◆ **What to work on**: In the entries below, begin at the line with "hugo-boss-kids-t-shirt-and-shorts-outfit-toddlers-j08058-871" and stop after the line with "Christmas Pageant"; output those lines exactly and omit the pictures.

◆ **Data**:
□ □ □
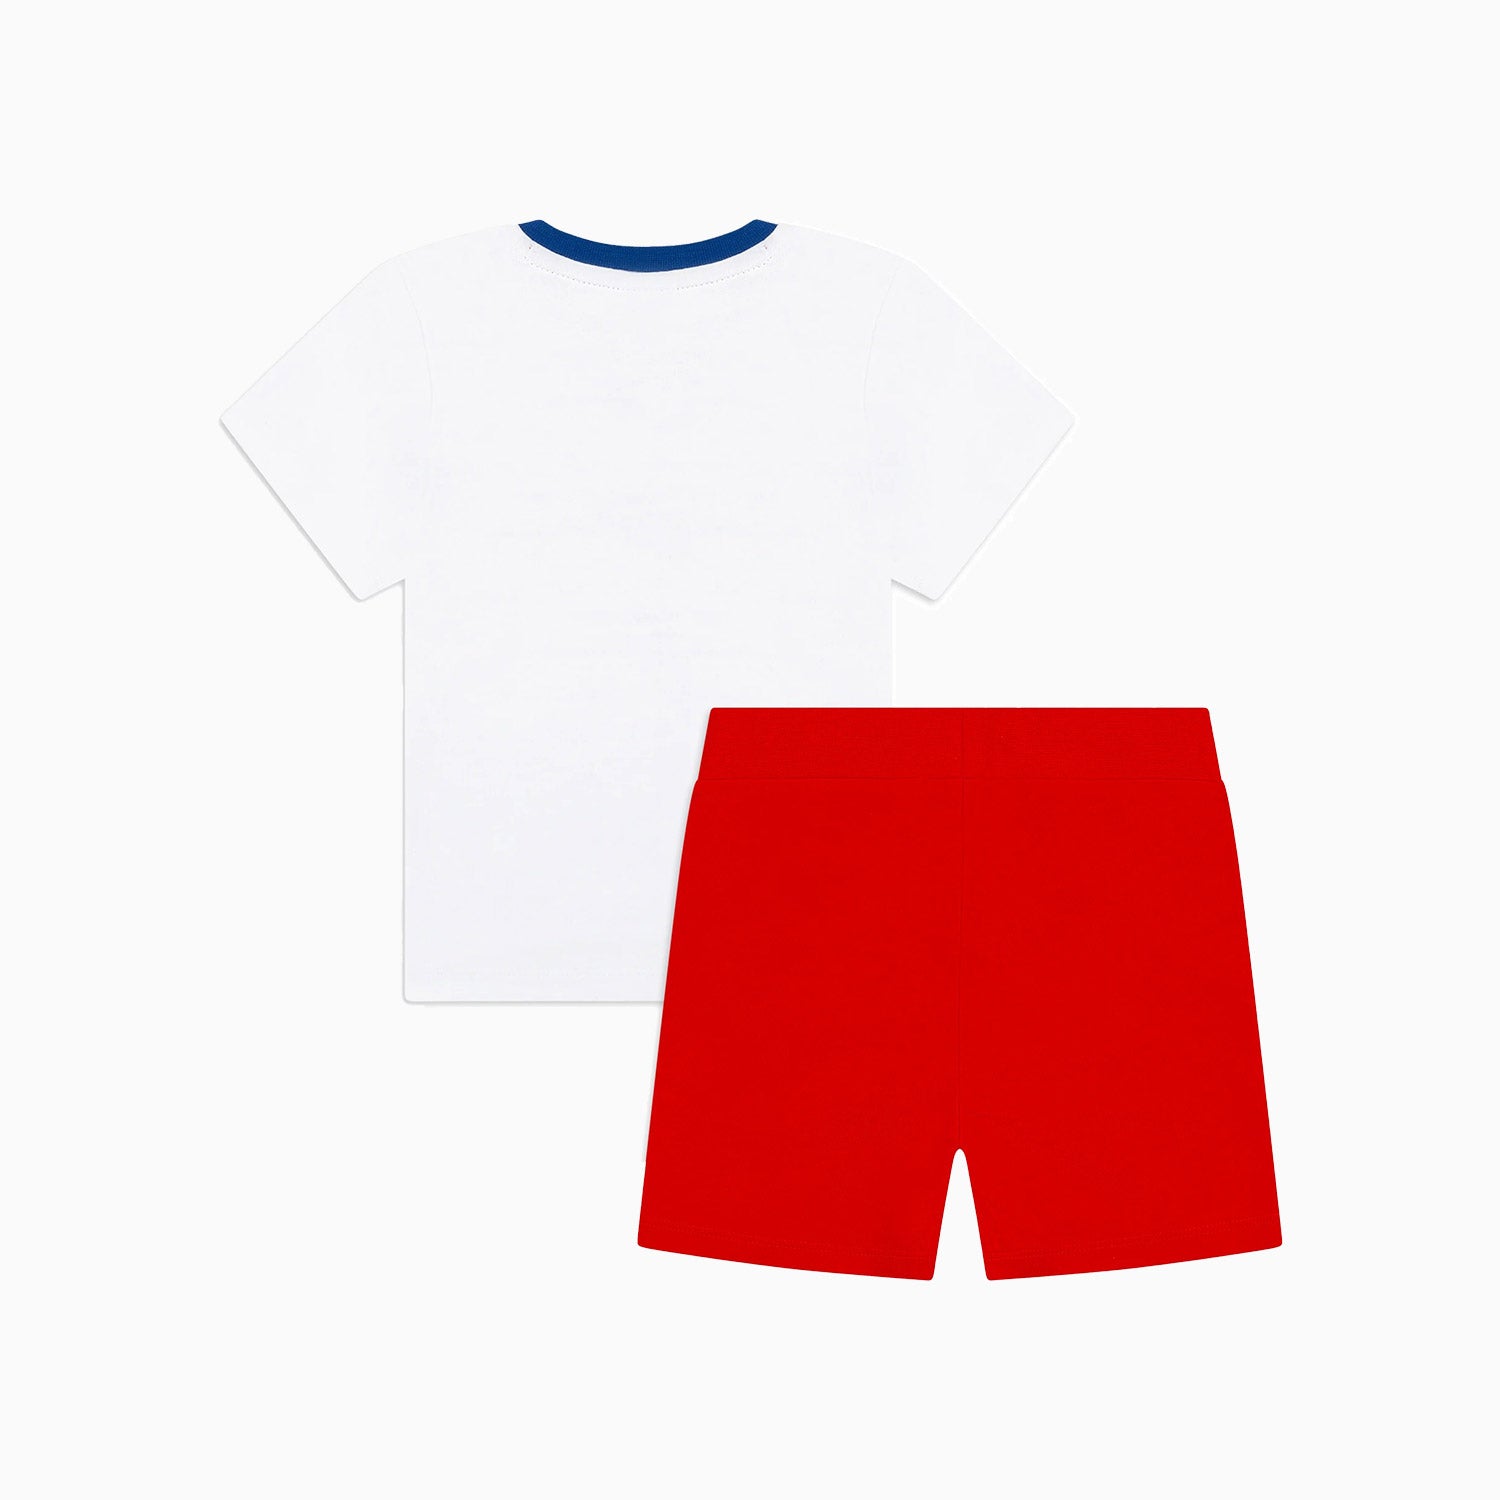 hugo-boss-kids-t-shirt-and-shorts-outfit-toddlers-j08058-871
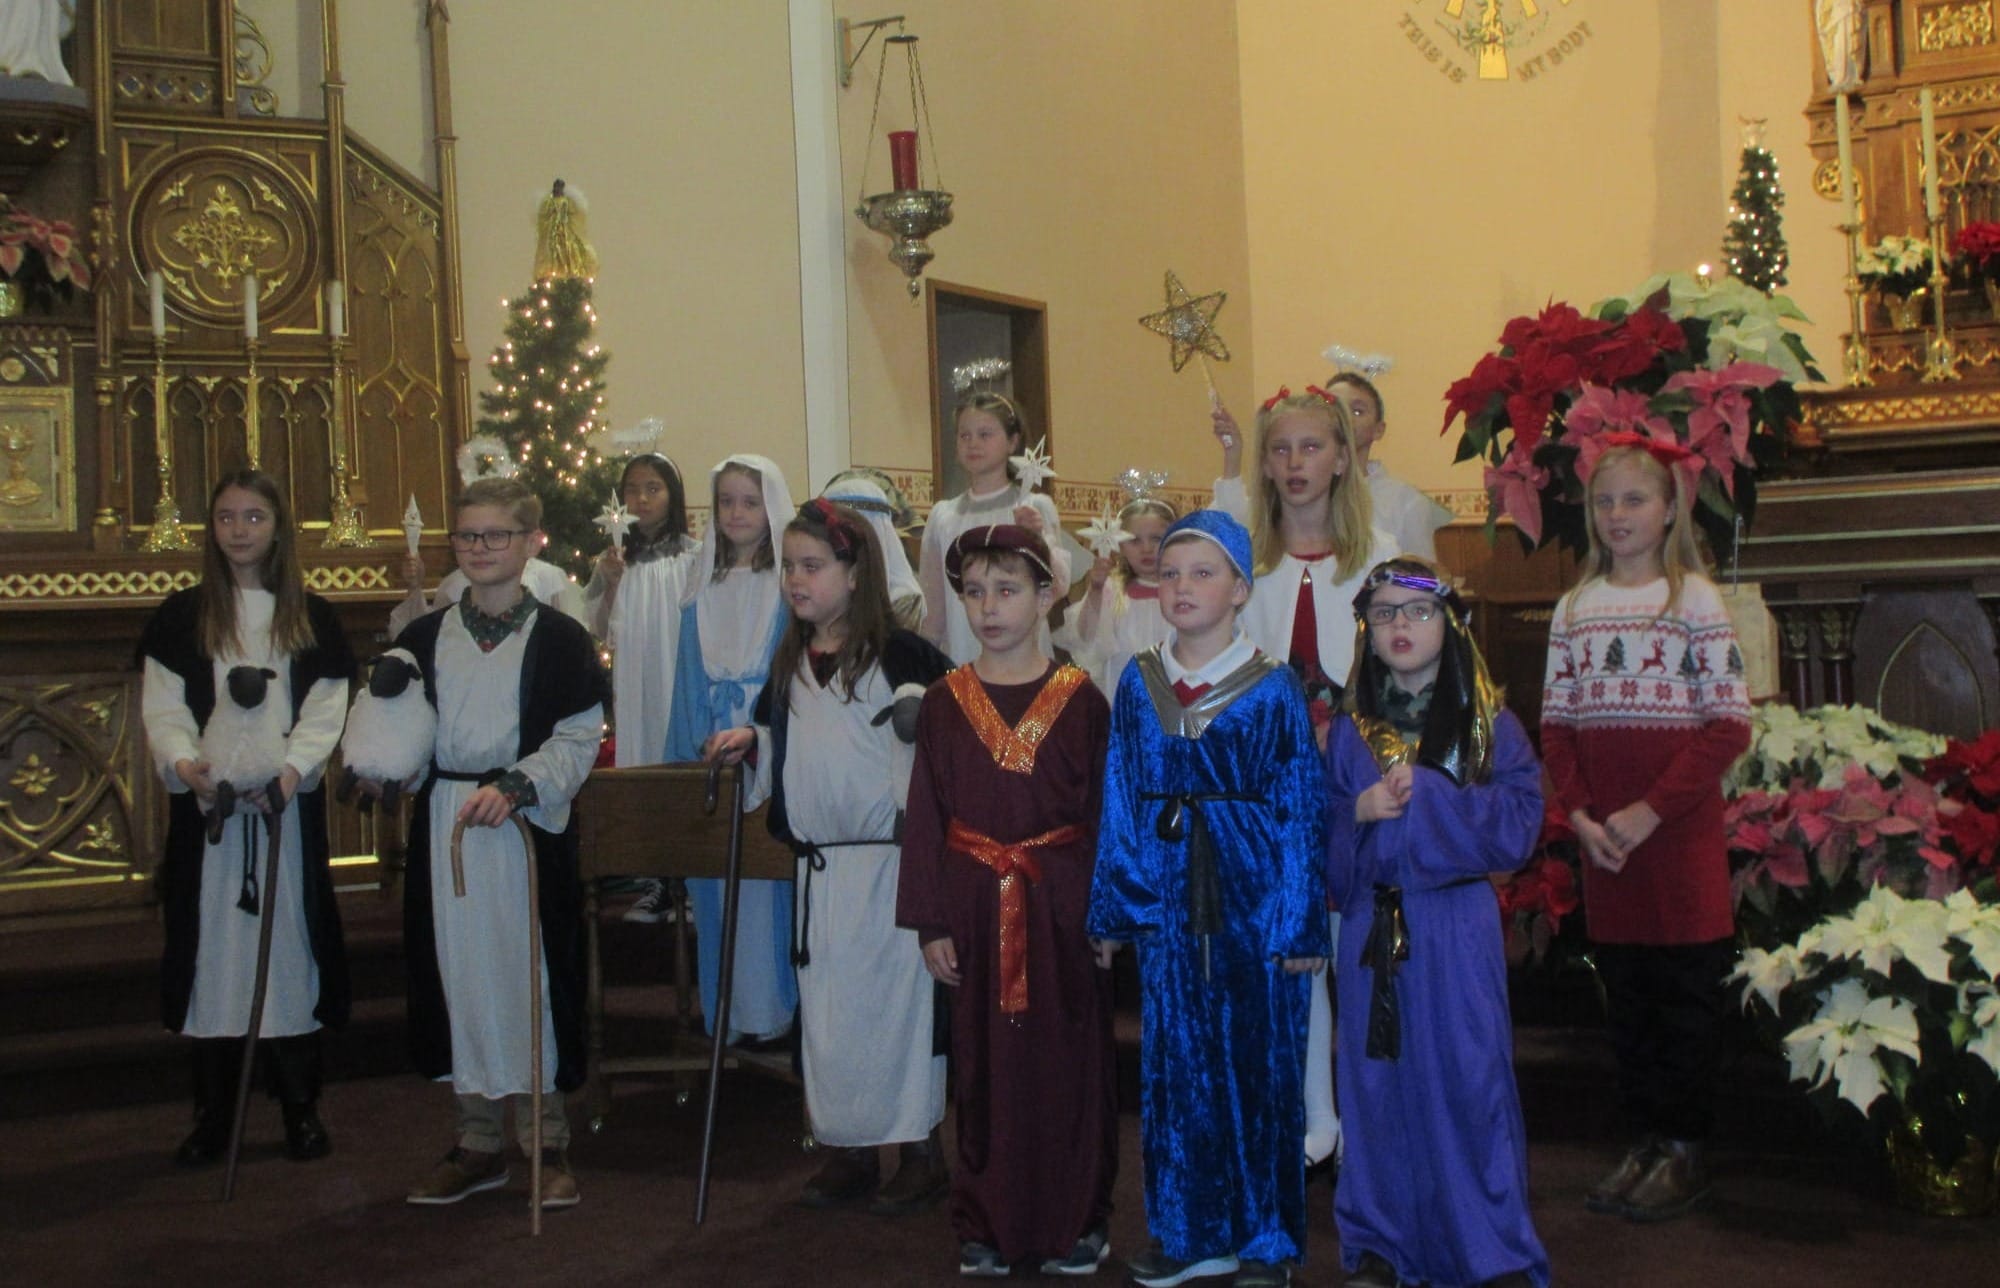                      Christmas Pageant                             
□ □ □
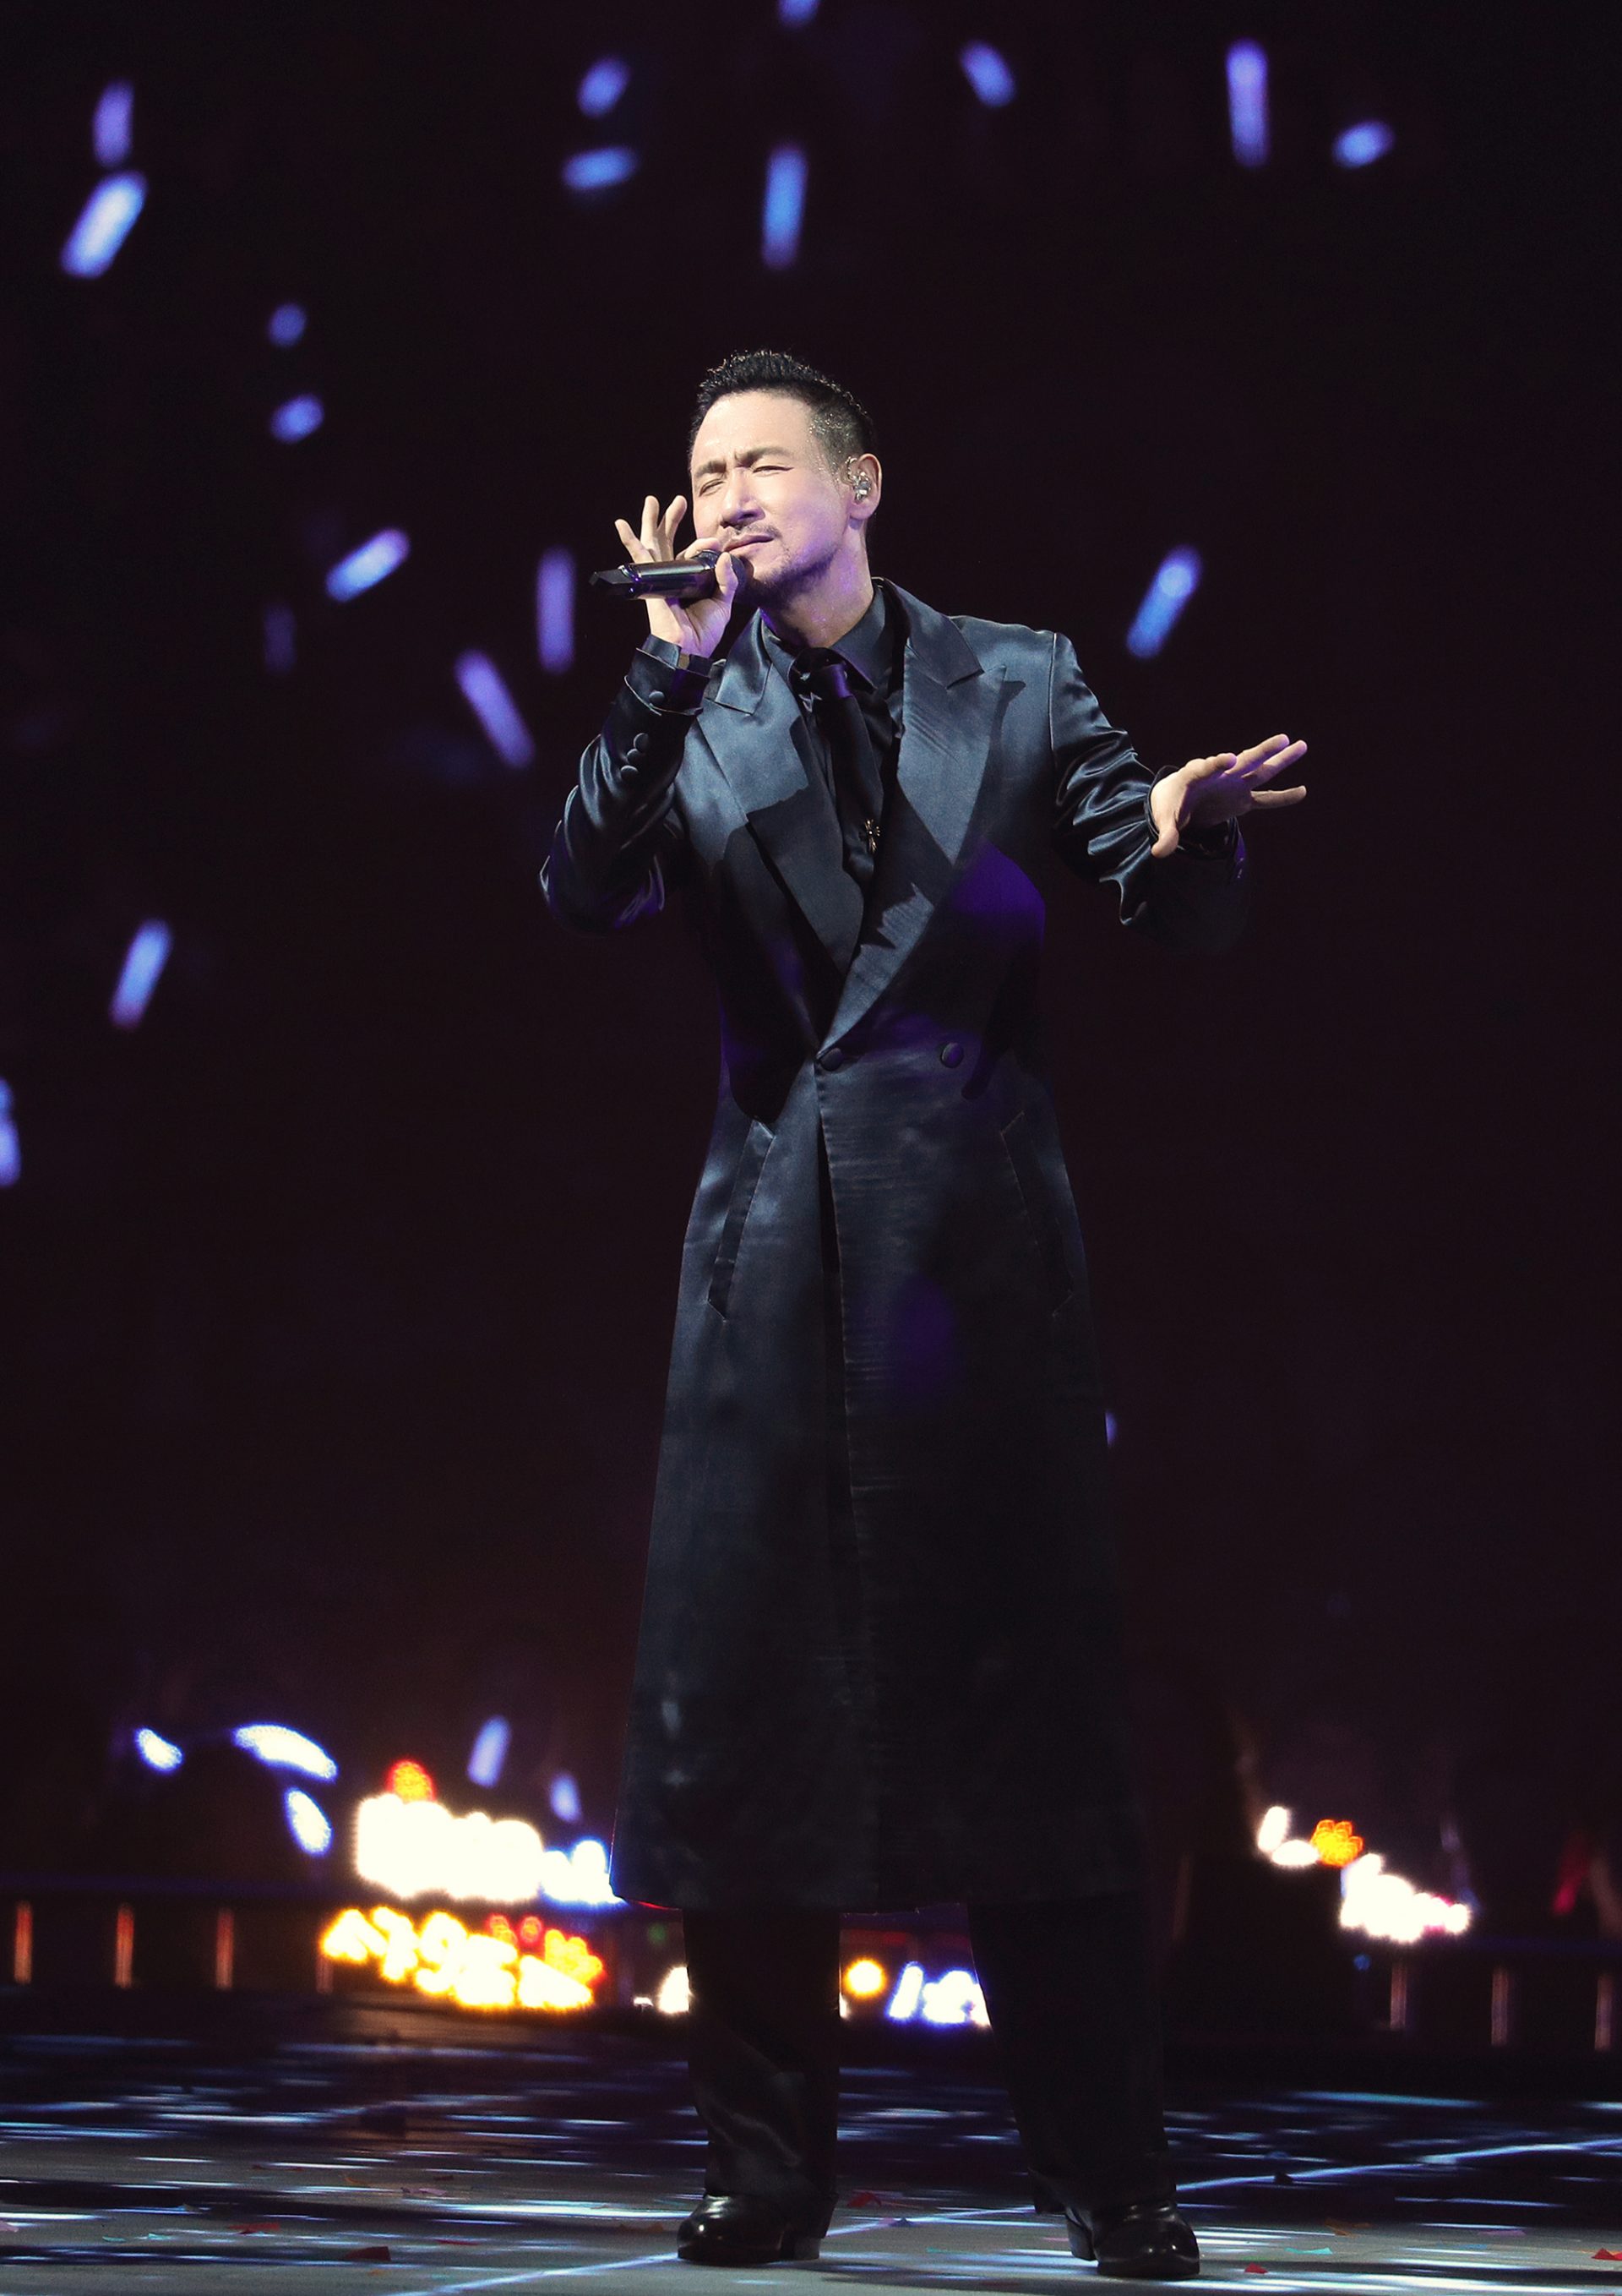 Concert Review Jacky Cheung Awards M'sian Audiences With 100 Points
□ □ □
◆ **Exercise result**:
 hugo-boss-kids-t-shirt-and-shorts-outfit-toddlers-j08058-871
                      Christmas Pageant                             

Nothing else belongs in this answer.